Le couple opte pour une année sabbatique. Et part de rien. Sur un an, son mari suit des cours de navigation, ils achètent un petit voilier, organisent la scolarité des enfants et se lancent. « Je rêvais d’aller à Istanbul, mais on est royalement arrivé à Marseille. L’objectif, ce n’est pas la destination, mais bien le chemin. On a pris notre temps en fonction des rencontres, de la météo, des vents ». Le tout sur un espace de 9,50 m pour 15 m².
« Au premier confinement, on a eu l’impression de revivre la situation, les uns sur les autres, avec les moyens du bord. On devait mettre de l’eau dans son vin, être créatif au niveau des activités quand on était à l’ancre, etc. J’y ai appris la patience et le lâcher-prise, à vivre au rythme de la nature, de mon corps. J’ai aussi découvert mon mari et mes enfants comme je ne les aurais jamais connus sans ce voyage. »
Leur fils en a attrapé le goût du voyage. Parti au Danemark avec les Compagnons bâtisseurs, en Islande pour un journal insulaire, en Lituanie avec le Service volontaire européen, il vient de commencer des études en… histoire et géographie ! Mais avant cela, un autre voyage l’habitait secrètement.

Retour aux sources

À ses 18 ans, sans en avoir rien dit pendant dix ans, leur fils émet son souhait de retourner dans son pays natal et de consulter son dossier d’adoption. L’association Amarna, toujours présente à leurs côtés, le convainc de se laisser accompagner.
« On en a profité cette fois pour faire du tourisme, découvrir le pays, ses temples magnifiques, sa gastronomie, son architecture, la gentillesse des gens. J’ai renoué avec le goût de la découverte et des grands voyages comme on en avait fait plus jeunes en Malaisie, au Népal, en Alaska, au Maroc, en train dans le grand nord norvégien avec notre fils… »
À Chang Mai, ils ont rendez-vous avec l’ancienne directrice de l’orphelinat. Laquelle parvient à retrouver la mère et le père biologiques de leur fils ! Celui-ci découvre à cette occasion qu’il a une petite sœur de sang âgée de 10 ans ! « Tout le village était là. Cette rencontre était inattendue et émouvante, confie Valérie Renard. J’avais envie de leur dire plein de choses même si c’était par l’intermédiaire d’un interprète. En même temps, on était complètement décalés, à des années-lumière de nos réalités respectives. Je rêve qu’un jour la petite sœur viendra nous rendre visite ici. Aujourd’hui, c’est elle qui poursuit les contacts par des photos et vidéos via Facebook. Et notre fille essaie d’apprendre quelques mots de thaï… ».

Par mots et par vagues

En mars 2021, Valérie Renard démissionne de Riveo. « Grâce au covid et grâce au cancer, que je vois maintenant comme une chance, lâche-t-elle avec assurance en nous apprenant cette nouvelle épreuve.

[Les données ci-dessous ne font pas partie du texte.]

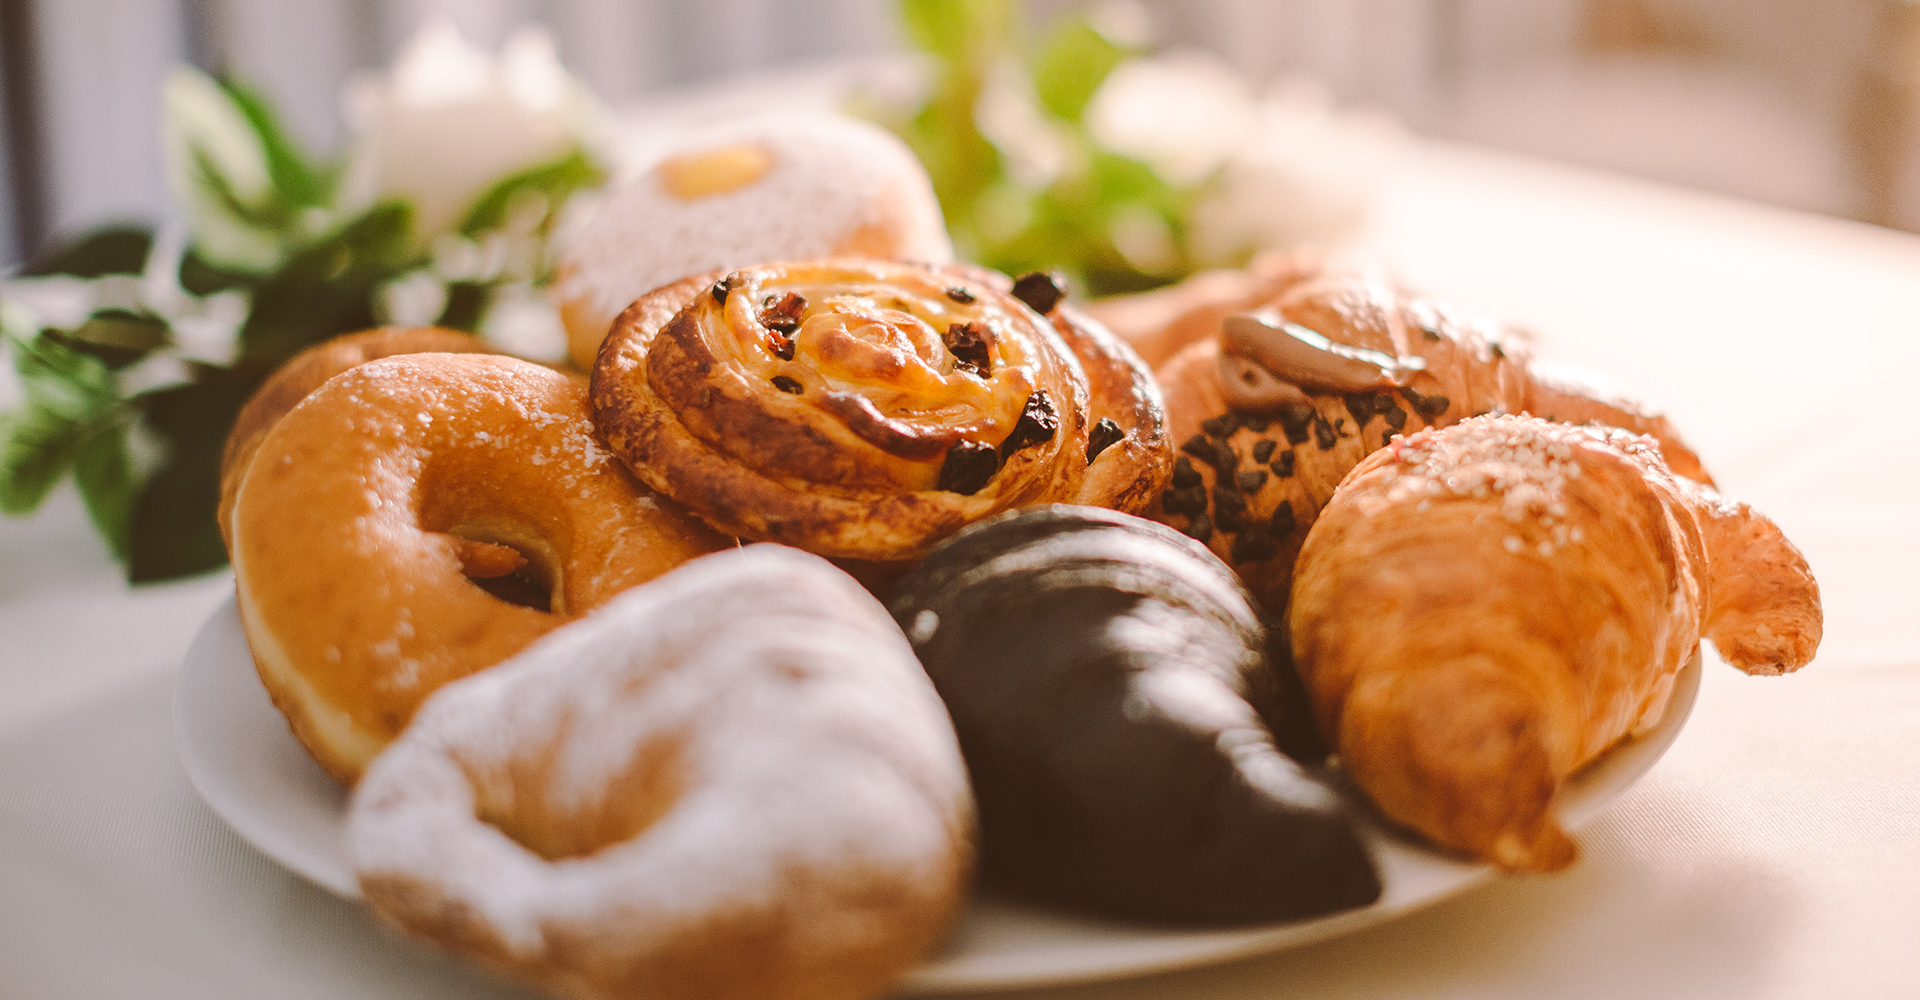 consegna croissant Varese e Castronno

Il m’a permis de quitter mon boulot, de prendre conscience que j’avais perdu le contact avec mes vraies valeurs, mes motivations premières qui sont d’aller vers les autres, de communiquer. Je me suis lancée dans un voyage par l’écriture qui me tient fort à cœur. J’y trouve l’essence qui donne sens à ma vie. J’ai tout lâché pour l’écriture et l’accompagnement par l’écriture ».
Elle organise des ateliers d’écriture en Ardennes ou au bord de la mer, sur un nouveau voilier, encore plus petit que le précédent. Elle écrit ou aide à écrire des récits de vie à la demande, des sites, travaille à un recueil de témoignages de femmes atteintes d’un cancer, etc. Dernière idée en date : rédiger pour ceux et celles qui le souhaitent des louanges destinées à des personnes avant qu’elles ne décèdent… Le nom de sa nouvelle activité : Bateau-plume !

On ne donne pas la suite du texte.